I read half of this book, and I still intend to finish it someday. I really enjoyed the parts I read though – Rinella is an excellent storyteller, and I learned a lot. I stopped because it got a bit too visceral to be reading the whole book in one go, not because of any flaw in the book.
  kgodey | Sep 12, 2013 |
Questa recensione è stata scritta per Recensori in anteprima di LibraryThing.
Before reading this book, I had never heard of Steven Rinella, so I feel that I did not have any preconceived notions of him as an author or a hunter. I found him to be an excellent writer and storyteller , and I often read parts out loud to the family to share in the humor of some of his stories. I think he gave the reader a fair assessment of his own motivations and background for being a hunter, although he does little to address the debates about ethical treatment of animals (which I am not certain this book would actually be the place to discuss them to begin with). I did find myself rather put off by the chapters about trophy-hunting Dall Sheep and Cougar ("just to see what it tasted like"), but I am personally opposed to trophy hunting as it is and I did appreciate his honesty in these hunting stories. I find his writing style to be an easy read, and I might even pick up another book of his in the future. ( )
  bluelotus28 | Aug 24, 2013 |
Questa recensione è stata scritta per Recensori in anteprima di LibraryThing.

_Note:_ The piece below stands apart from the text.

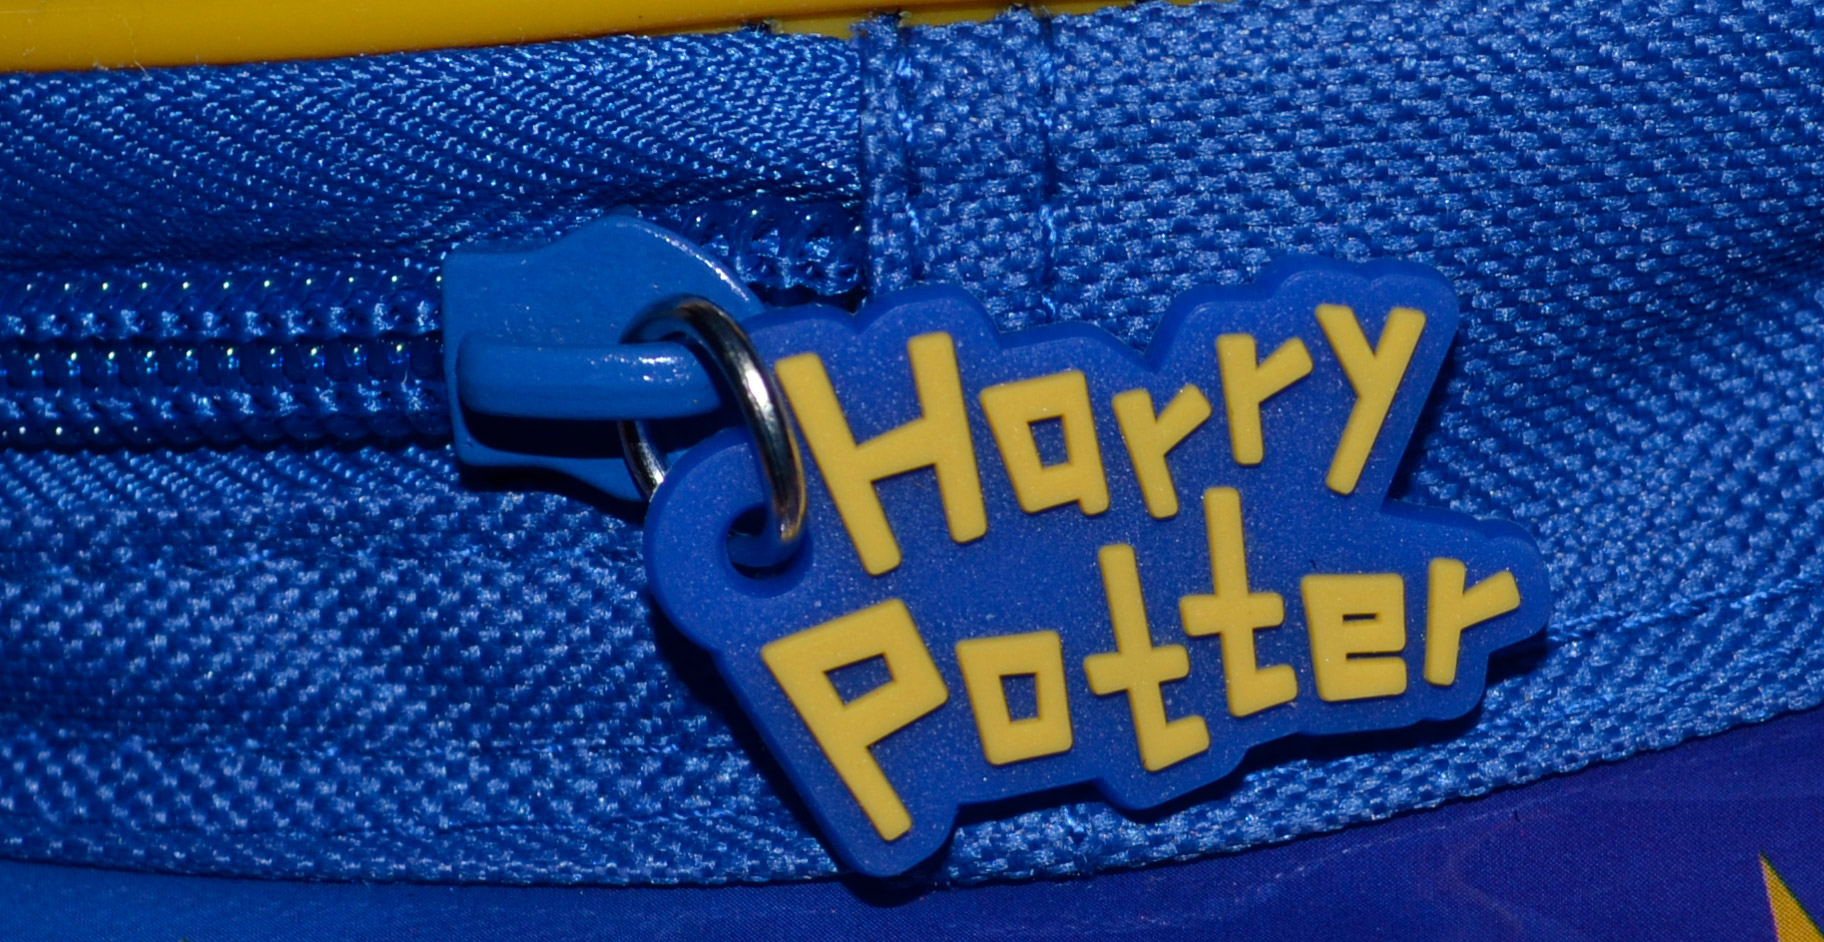 Harry Potter Charm School Bag Rucksack Backpack

Hunting has become a sensitive topic throughout the United States - especially hunting with guns. Why would a person feel the need to go outside and kill an animal with a gun, bow, or trap when they can go to the store and get any meat they want much more easily? Steven Rinella tries to answer "why [he] hunts, who [he is] as a hunter, and what hunting means to [him]" in his book Meat Eater. One of his primary arguments is who we have descended from - hunters and, especially in America, frontiersman. Rinella claims that "to abhor hunting is to hate the place from which you came, which is akin to hating yourself in some distant, abstract way." Throughout the book he argues the differences between hunters and agriculturalists, and how humans have traded the activity of hunting for more worthless activities such as golf. Some of his biggest arguments are how a hunter is able to feel and understand the essence of an animal; to understand what an animal's life is worth, more-so than anyone else; to feel an intimacy to the animals he is willing to trade his life for; how the risks of hunting makes the hunter feel more alive than he otherwise would feel; and how the hunter invariably thanks the animal for what it has provided the hunter.

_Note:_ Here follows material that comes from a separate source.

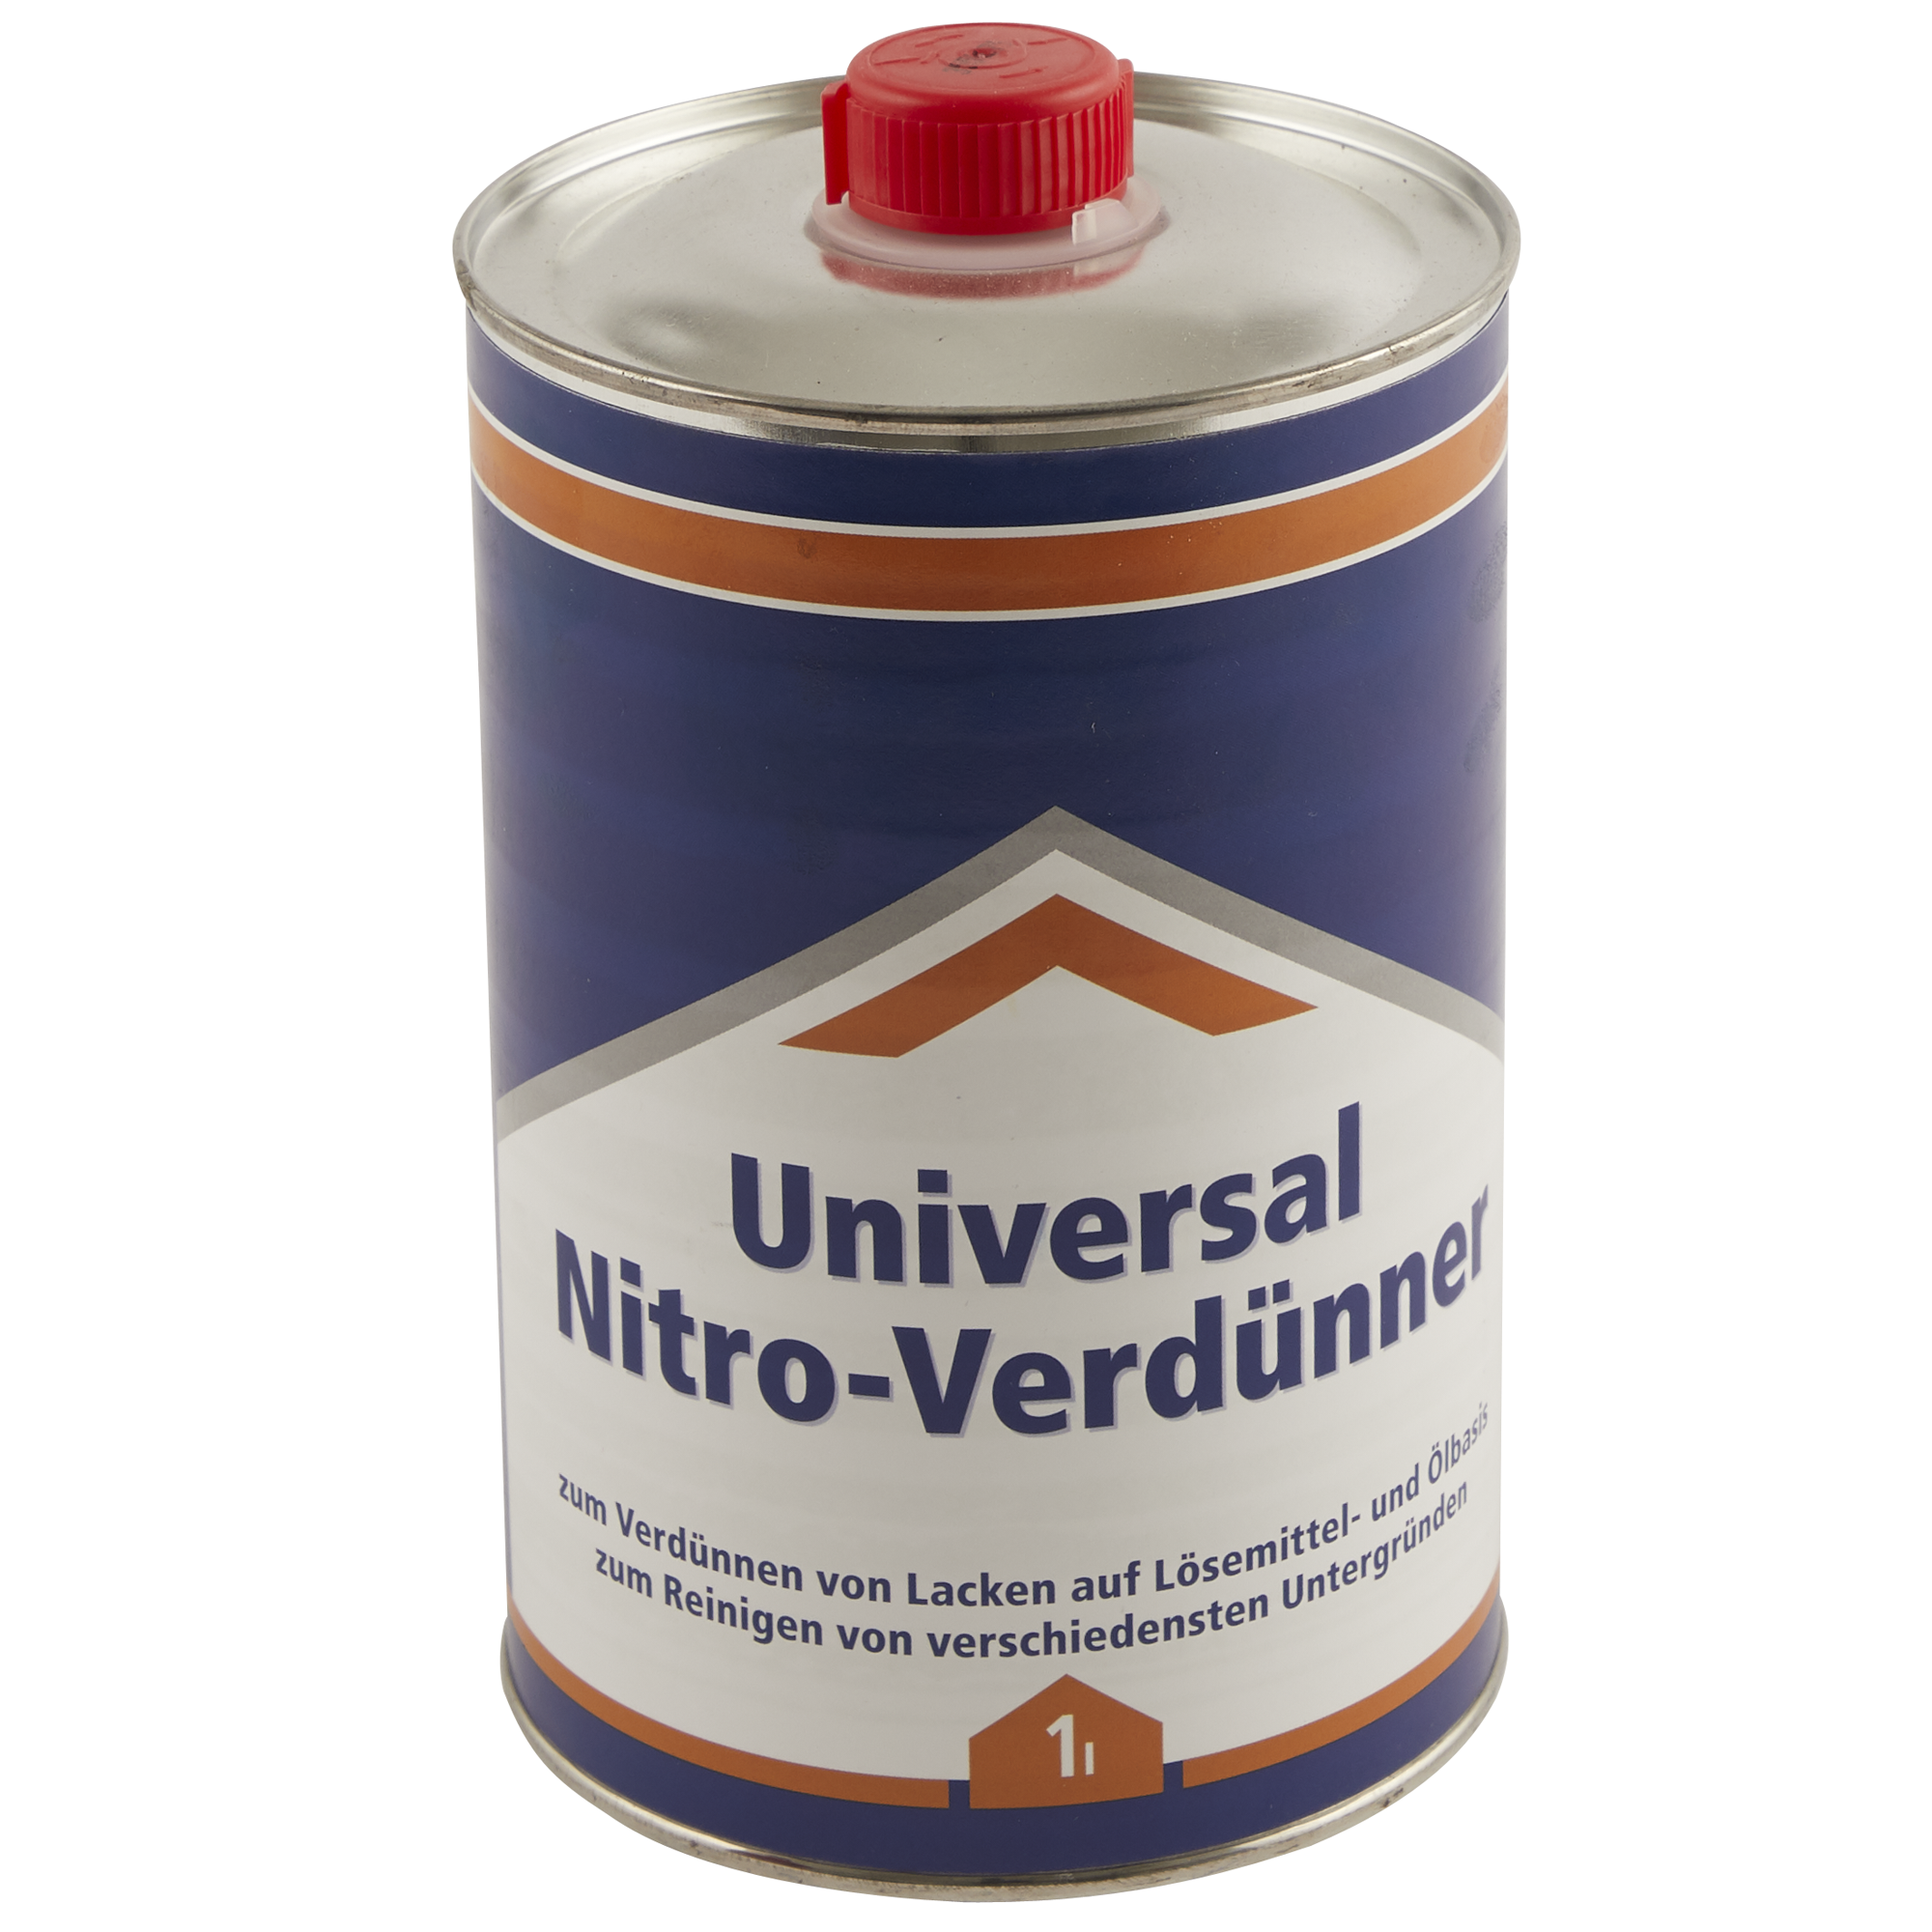 Universal Nitro-Verdünner 1 l + product picture

These arguments and messages are sprinkled throughout the book in anecdotal form. To say he is able to write entertaining stories is an understatement; Rinella is a gifted writer able to grasp the reader with his stories and words. At the end of each story arc/chapter, Meat Eater offers a unique addition: tasting notes, in which Rinella explains what animals taste like, how to prepare them, and how best to, or interesting ways to, serve each animal. Unfortunately, the idea is fantastic but the execution is lacking - the main problem is how the notes relate to the stories. The second chapter contains stories about hunting squirrel as a boy, and the tasting note is about squirrels - interesting enough to pique the interest of even a non-hunter. However, from then on the tasting notes don't always match the animals in the chapter. For example, chapter seven is about catch-and-release fishing and some adventures he had with a friend. They hitch-hiked to Mexico and camped on a beach to catch-and-release one of the most well-known and notorious sport fishes. At the end, he was hungry and came to an epiphany to cook this bonefish, but the tasting note on the next page detailed salmon. Unfortunately he draws the reader into a specific type of animal, but doesn't always take advantage of that interest to explain the nuances of that animal's unique taste.

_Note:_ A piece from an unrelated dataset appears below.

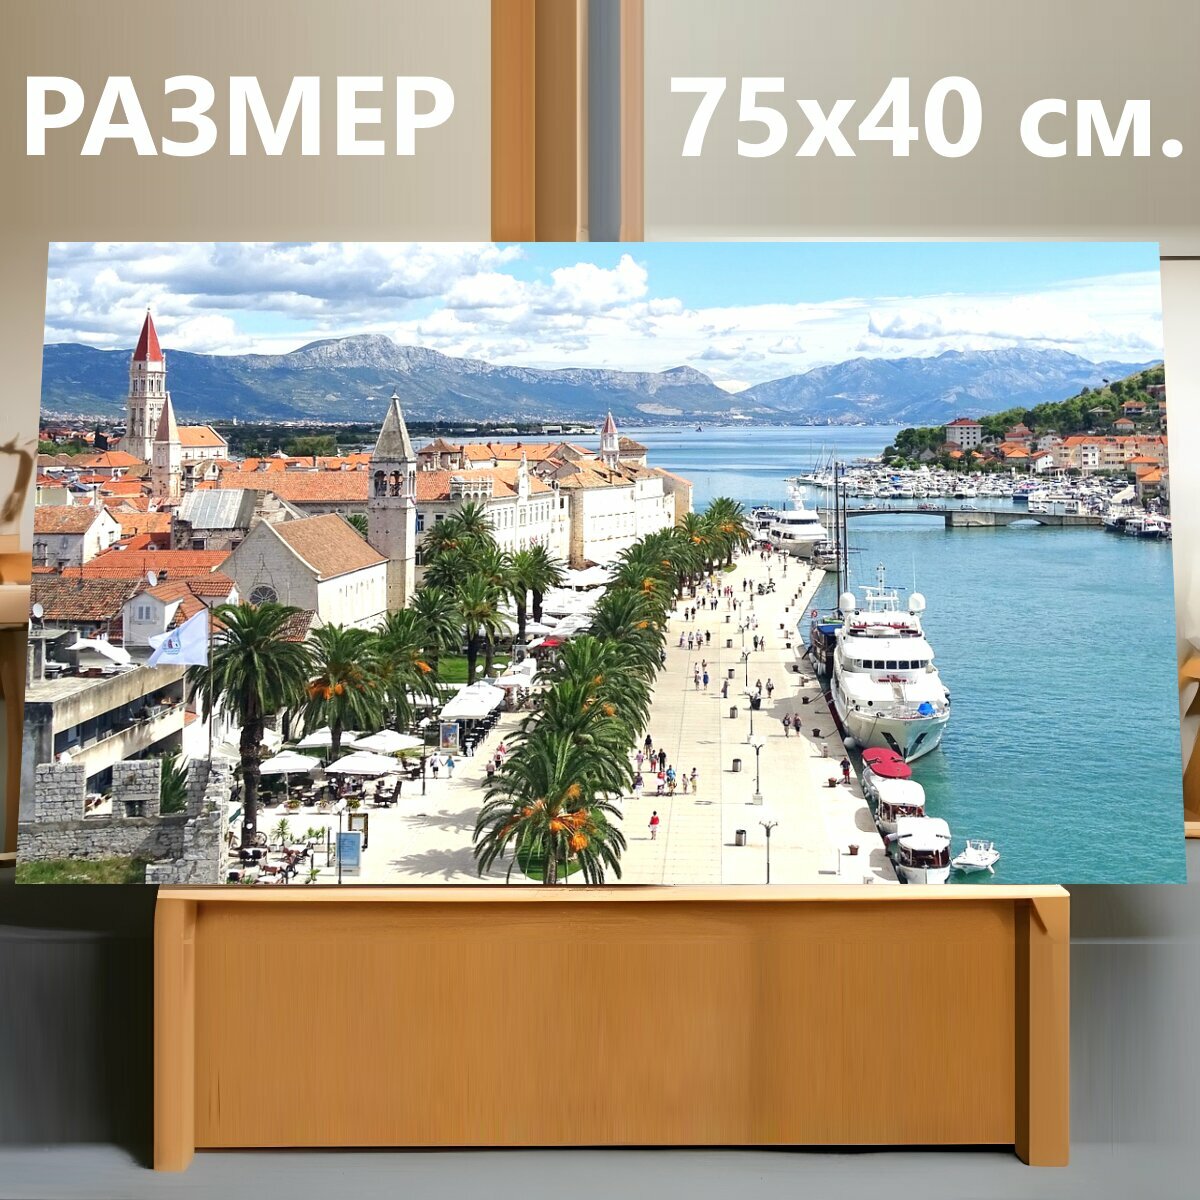 Картина на холсте "Город, море, архитектура" на подрамнике 75х40 см. для интерьера

Unfortunately, Rinella doesn't exactly answer the questions pervading his book - the why-to, at least - in a convincing enough manner to ease the sensitivity of hunting. What's left, though, are some interesting hunting stories and tips for hunting, cooking and general camping. ( )
  deslni01 | Jan 22, 2013 |
Questa recensione è stata scritta per Recensori in anteprima di LibraryThing.
Rinella uses a conversational style to describe his memories hunting and fishing. While the simplistic style could use a bit of dressing up, it still managed to describe the wilderness and fondness for it well. I didn't always agree with the author, but he knows his topic inside and out and presented his thoughts coherently. There's lots of things to learn: cooking tips for squirrel and cougar, survival skill tips, and general notes on trapping, trailing, fishing, and shooting. I would have enjoyed Meat Eater a lot more if the author didn't describe his illegal hunts and evasive actions avoiding detection by rangers; yet, the author's honesty was appreciated, especially when he talked about hunting ethics. I'm torn about the final verdict on Meat Eater. Would I be friends with Rinella? Probably not. Would I trust Rinella to keep us alive if we were stranded in the wilderness? You bet. ( )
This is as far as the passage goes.